A minimalistic Infusion-only approach based on timers is also possible. It will include a simpler facts manager which will initially retrieve and store the facts and a survey trigger manager which will observe the triggers’ conditions. Unlike the polling approach, the facts will not be updated regularly on a timely basis. Here is an example workflow:

  1. A user keys in and the facts manager loads the facts.
  2. With this approach, in the PSP there will be two types of facts: static and dynamic. A static fact does not change once it is retrieved (e.g. keyedInTimestamp, accountCreatedTimestamp), whereas a dynamic fact’s state will change over time (e.g. keyedOut). Once a user has keyed in, static facts are obtained (probably from the GPII core via the PSP channel) and listeners are registered for the dynamic facts.

  3. Once facts are loaded, the survey triggers are requested from the survey server.
  4. Similarly to the polling approach a survey trigger is defined in a JSON format and has a human-readable schema but the the conditions object is simpler:

    {
        id: "id",
        conditions: [{
            type: "keyedInBefore",
            value: 5000
        }, {
            type: "keyedOut",
            value: true
        }]
    }
    

    Definition of alternative conditions is not possible with this format. However, using boolean algebra, triggers whose conditions are complex and include disjunction can be split into multiple triggers which only include conjunctions of conditions.

  5. The triggers are registered with the survey trigger manager which starts tracking whether their conditions are satisfied.
  6. Each trigger has a unique id. If a survey trigger already exists in the system and then a trigger with the same id is registered, the latter will override the former. This means that the conditions of the former trigger will no longer be observed.

    A dedicated trigger handler will be in charge of determining if a trigger has occurred. For each of the trigger’s conditions the trigger handler will delegate the responsibility of ascertaining whether this condition is satisfied to a specific condition handler. The exact condition handler will be determined by the type of the condition.

    Depending on the nature of the condition’s fact, the condition handler can:

    • schedule a timer
    • wait to be notified that the value of the fact has changed.

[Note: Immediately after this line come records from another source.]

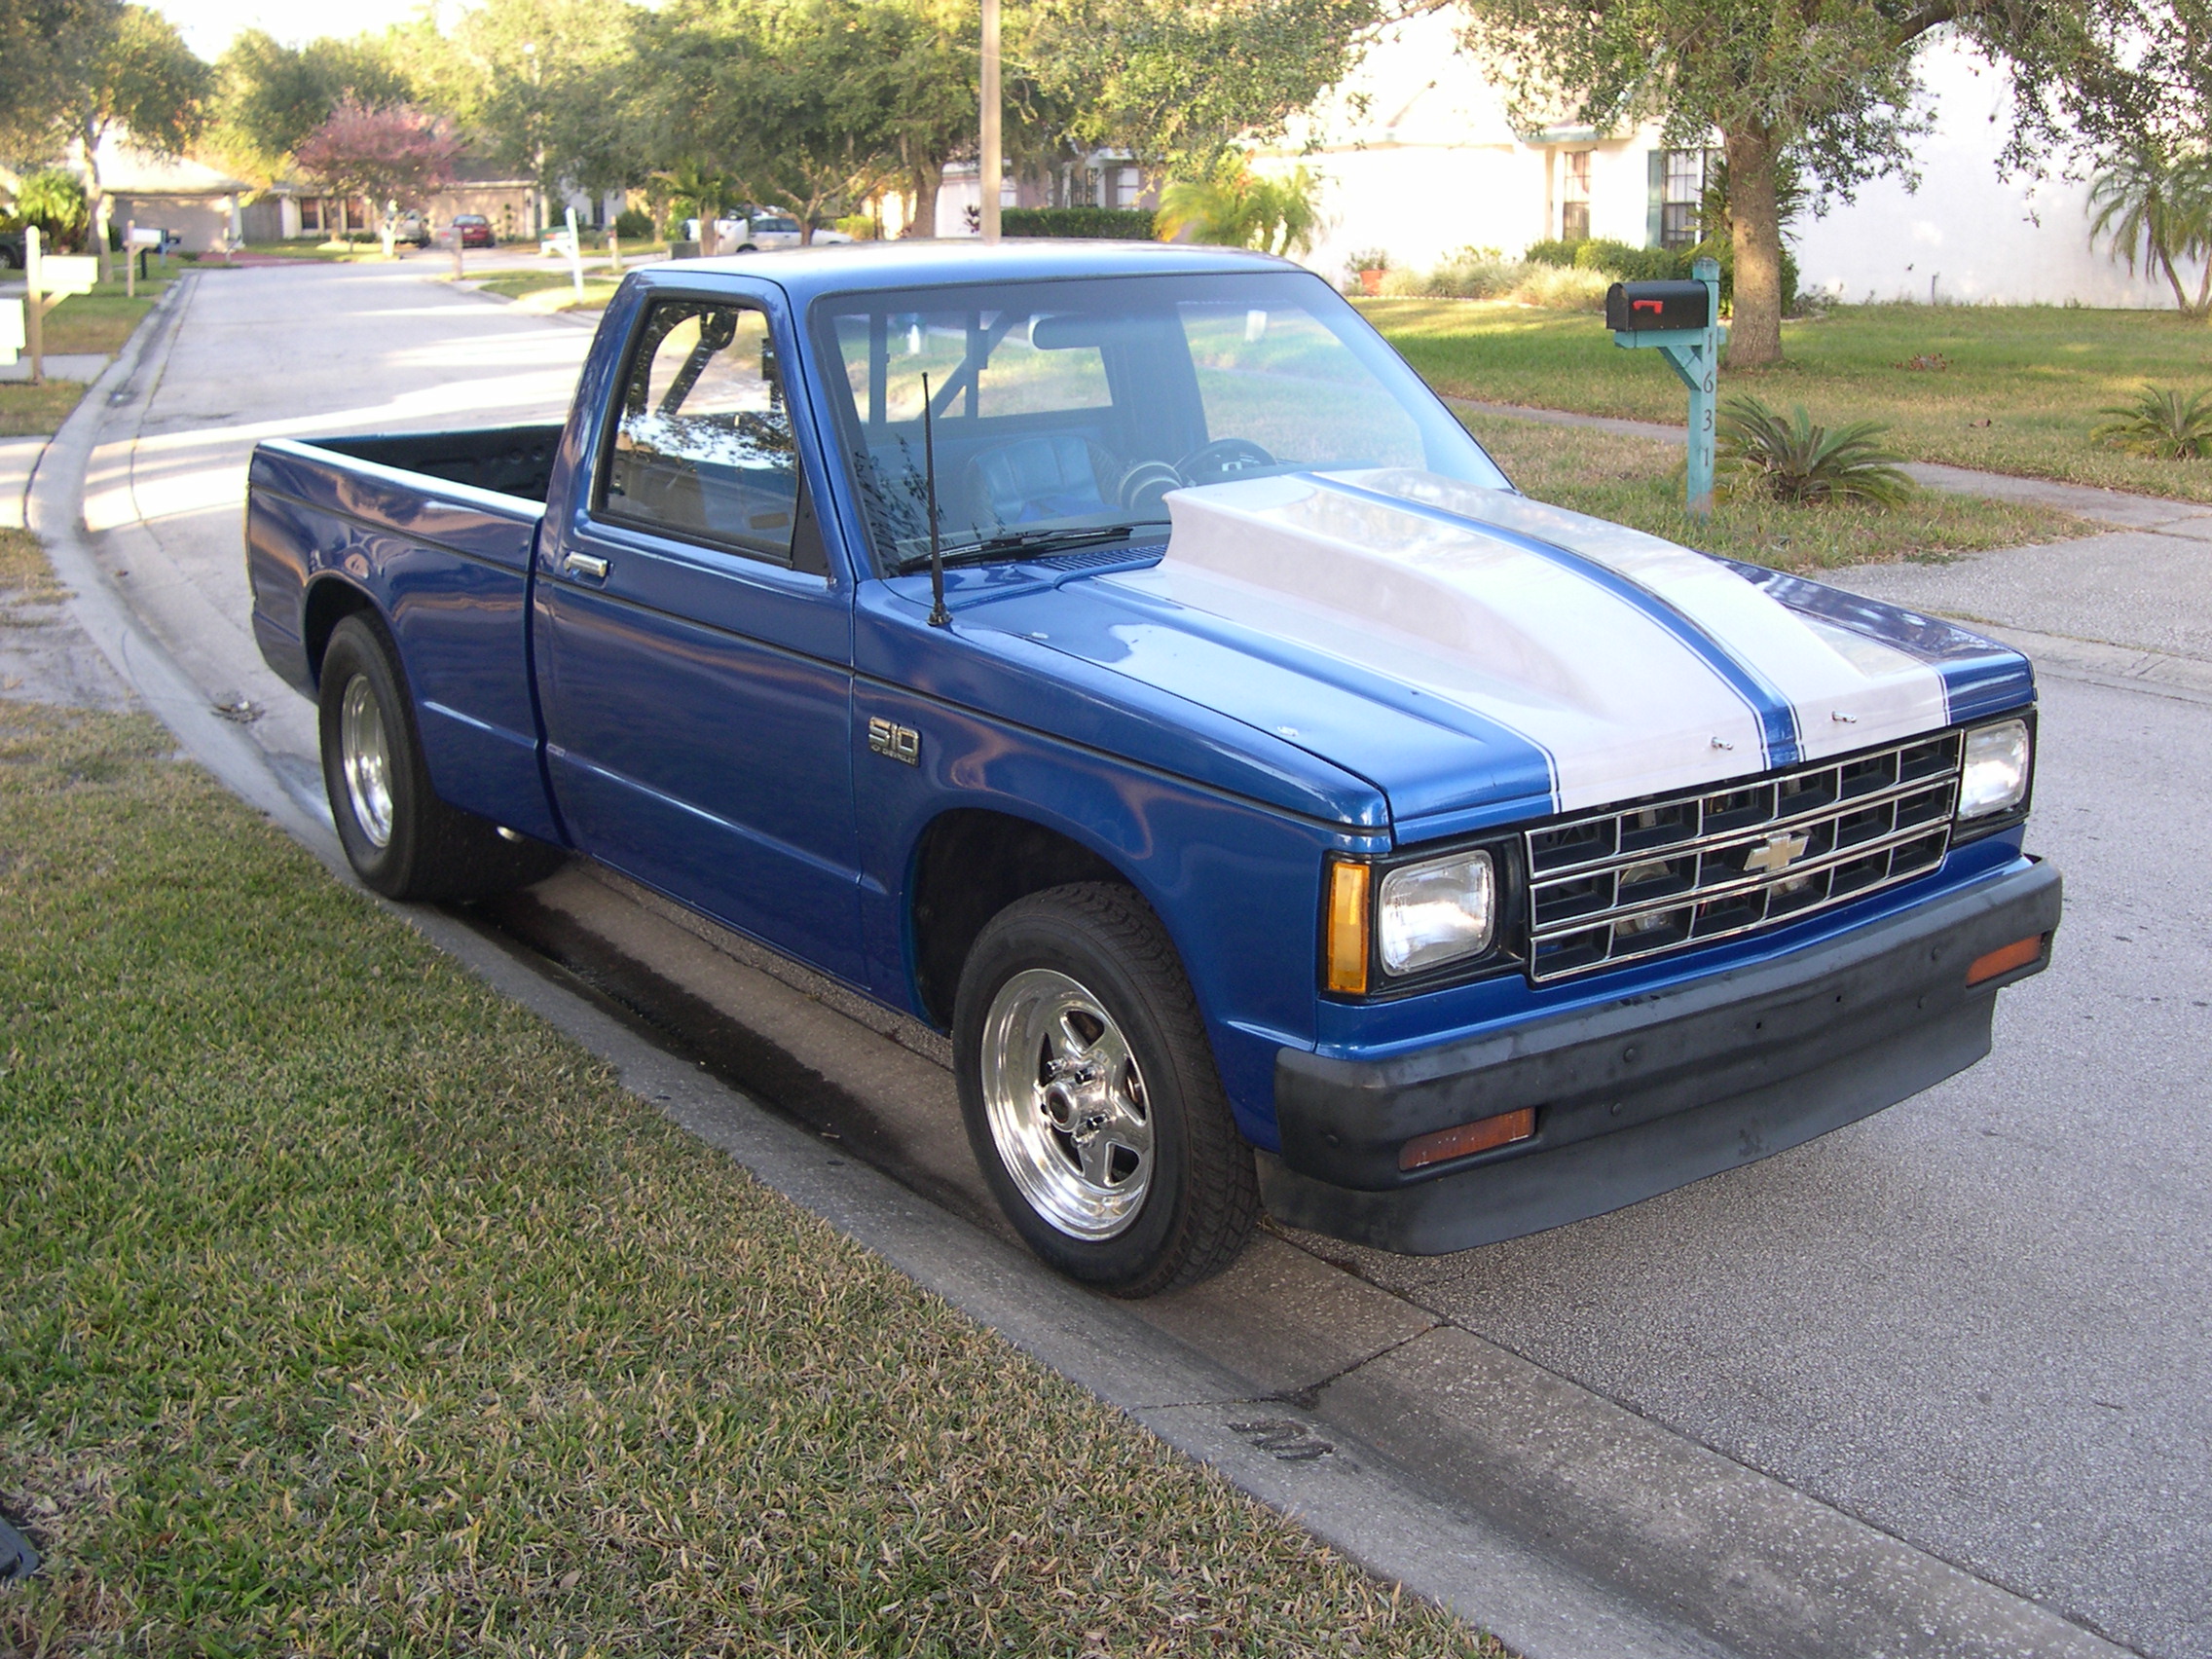  1988 Chevrolet S10 Pickup 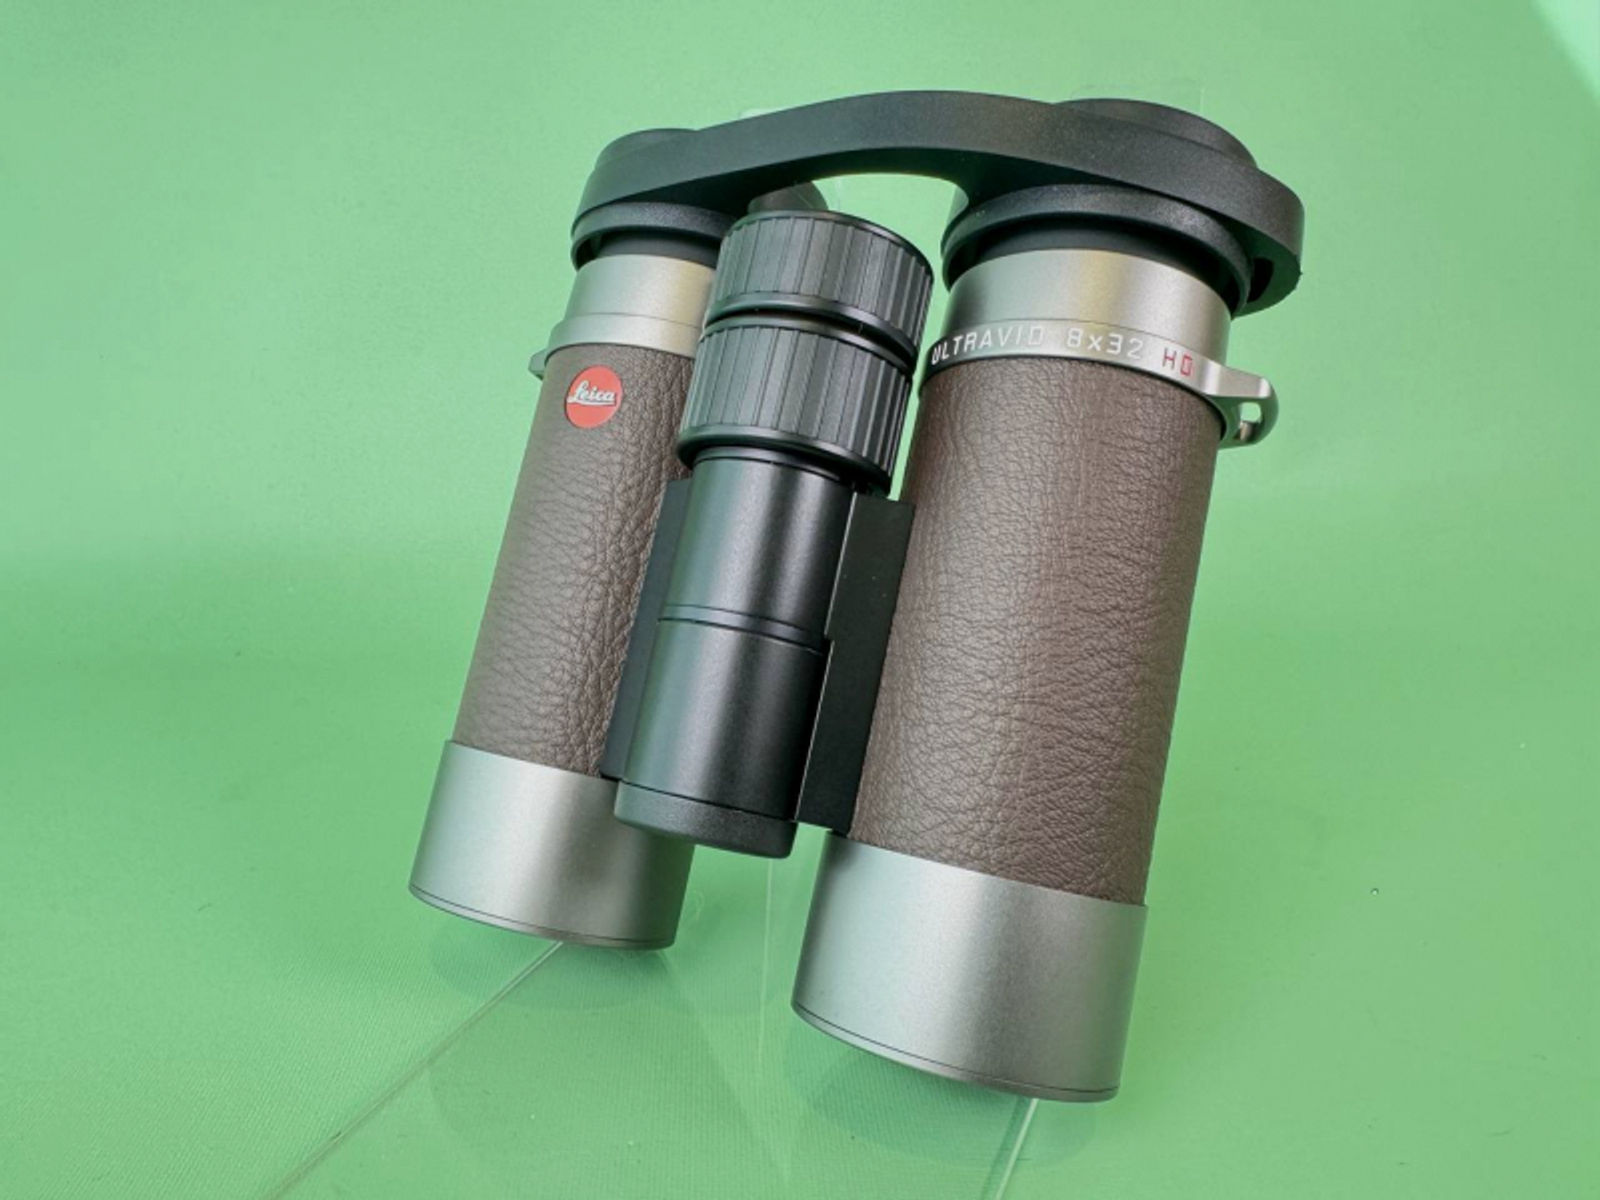 Leica Ultravid 8x32 HD-Plus Custom Fernglas *Waffenhandel Ahnert* *Neu* *leicht*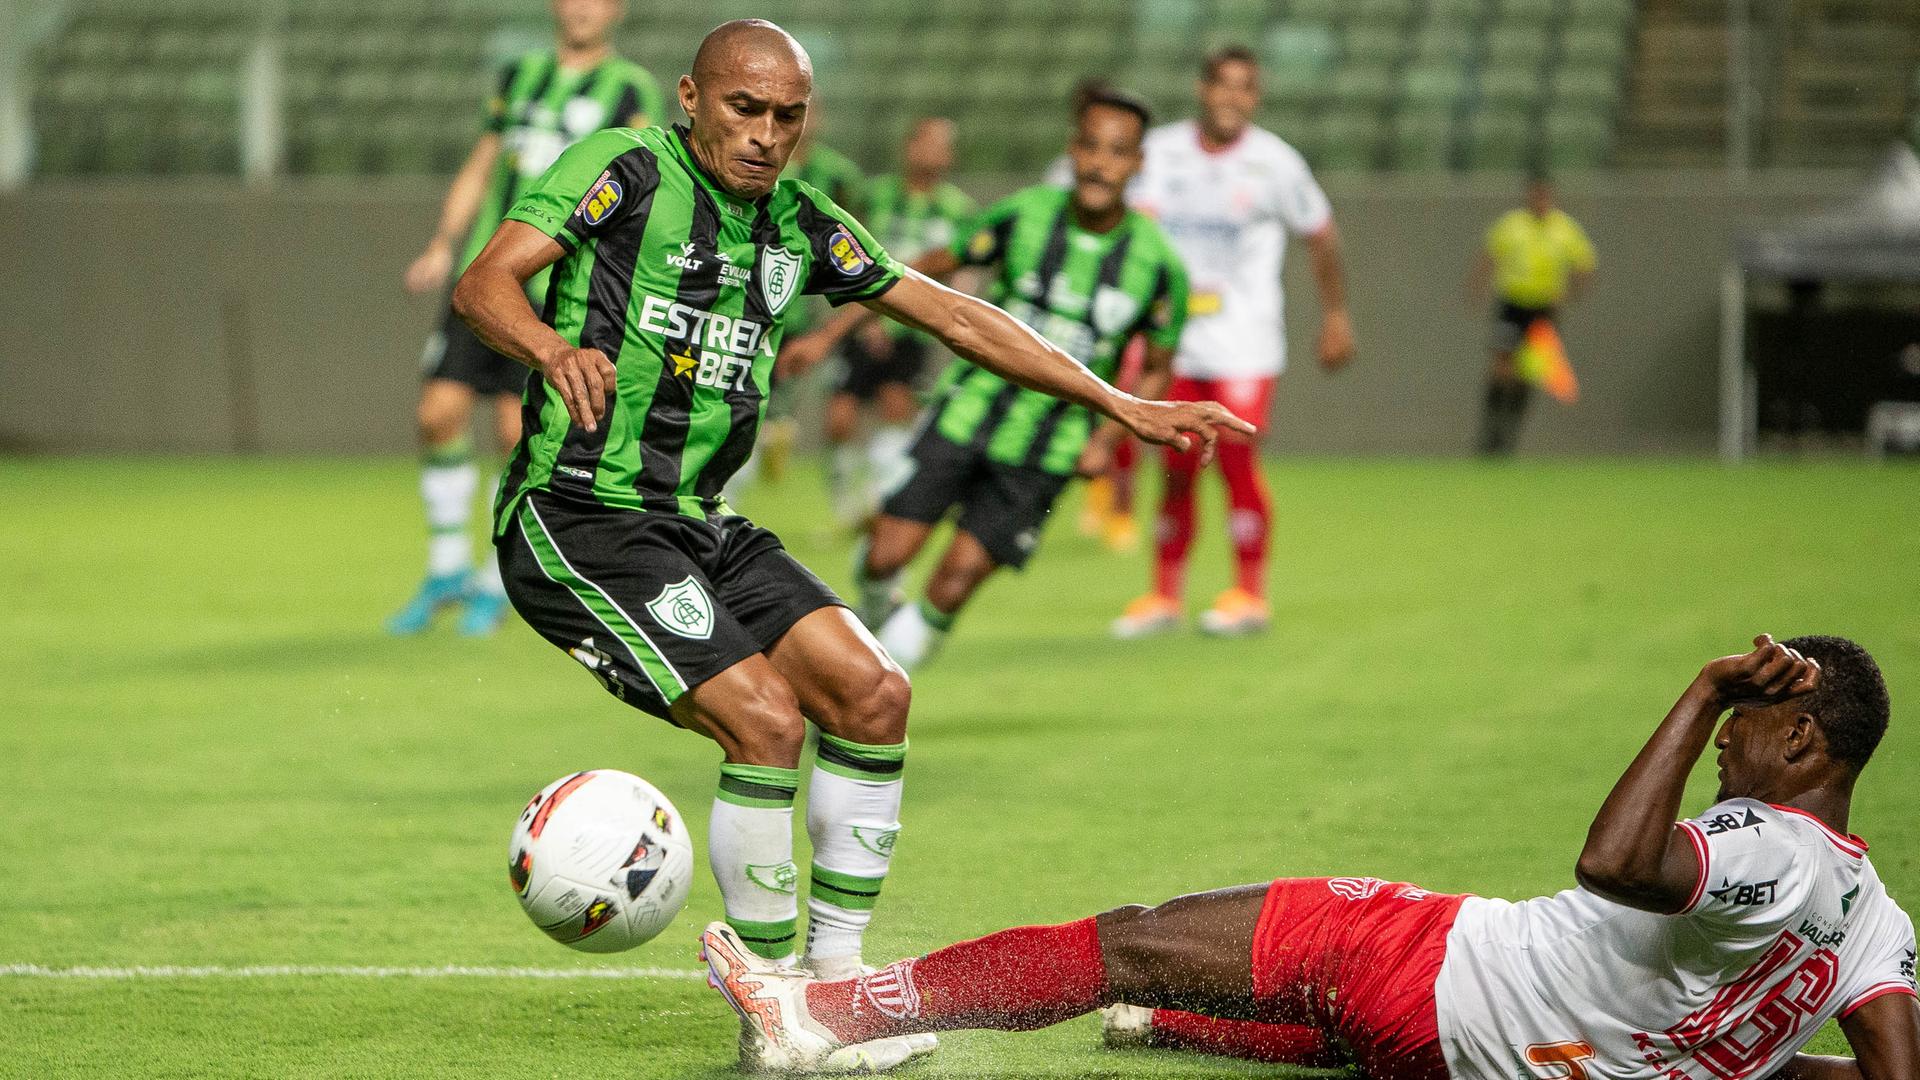 Spielszene aus dem Spiel America MG gegen Vila Nova in der brasilianischen 2. Fußball-Liga

    For the payload above:

    • there will be a trigger handler with two dynamic condition handler subcomponents: keyedInBeforeHandler and keyedOutHandler.
    • depending on the value of the keyedInTimestamp fact, the keyedInBeforeHandler will register a timer for at most 5 seconds and will notify the trigger handler that the condition has been fulfilled once the time is up.
    • If the user keyes out the keyedOutHandler will notify the trigger handler that the keyedOut condition has been met.

    This also shows that there can be different condition handlers which observe the same fact in a different way.

  7. Once all conditions have been satisfied, the trigger itself is considered satisfied and the PSP passes this information to the survey server.
  8. When the user keys out, all the trigger handlers are cleared from the survey trigger manager.

Conclusion

Both approaches fulfill the requirements listed at the start of the document and provide enough flexibility and extensibility.

By far the biggest asset of json-rules-engine is that it can evaluate rules with complex (and even nested) conditions which include conjunction and disjunction. However, this comes at a price - the necessity to frequently poll the application facts. Furthermore, adding a third-party module to the project will bring in an additional code complexity.

The Infusion only approach includes inherently a kind of a scheduling mechanism. This enables the application to be notified asynchronously in the future when a given trigger has been satisfied while eliminating the need for constant look-up of facts.

At first, when the smart survey specification was not available, using a rules engine seemed better as it provided enough extensibility to support rules with a high level of complexity. Now as we have a clearer vision of the possible future requirements for the survey functionality, we would prefer to stick to the Infusion only approach.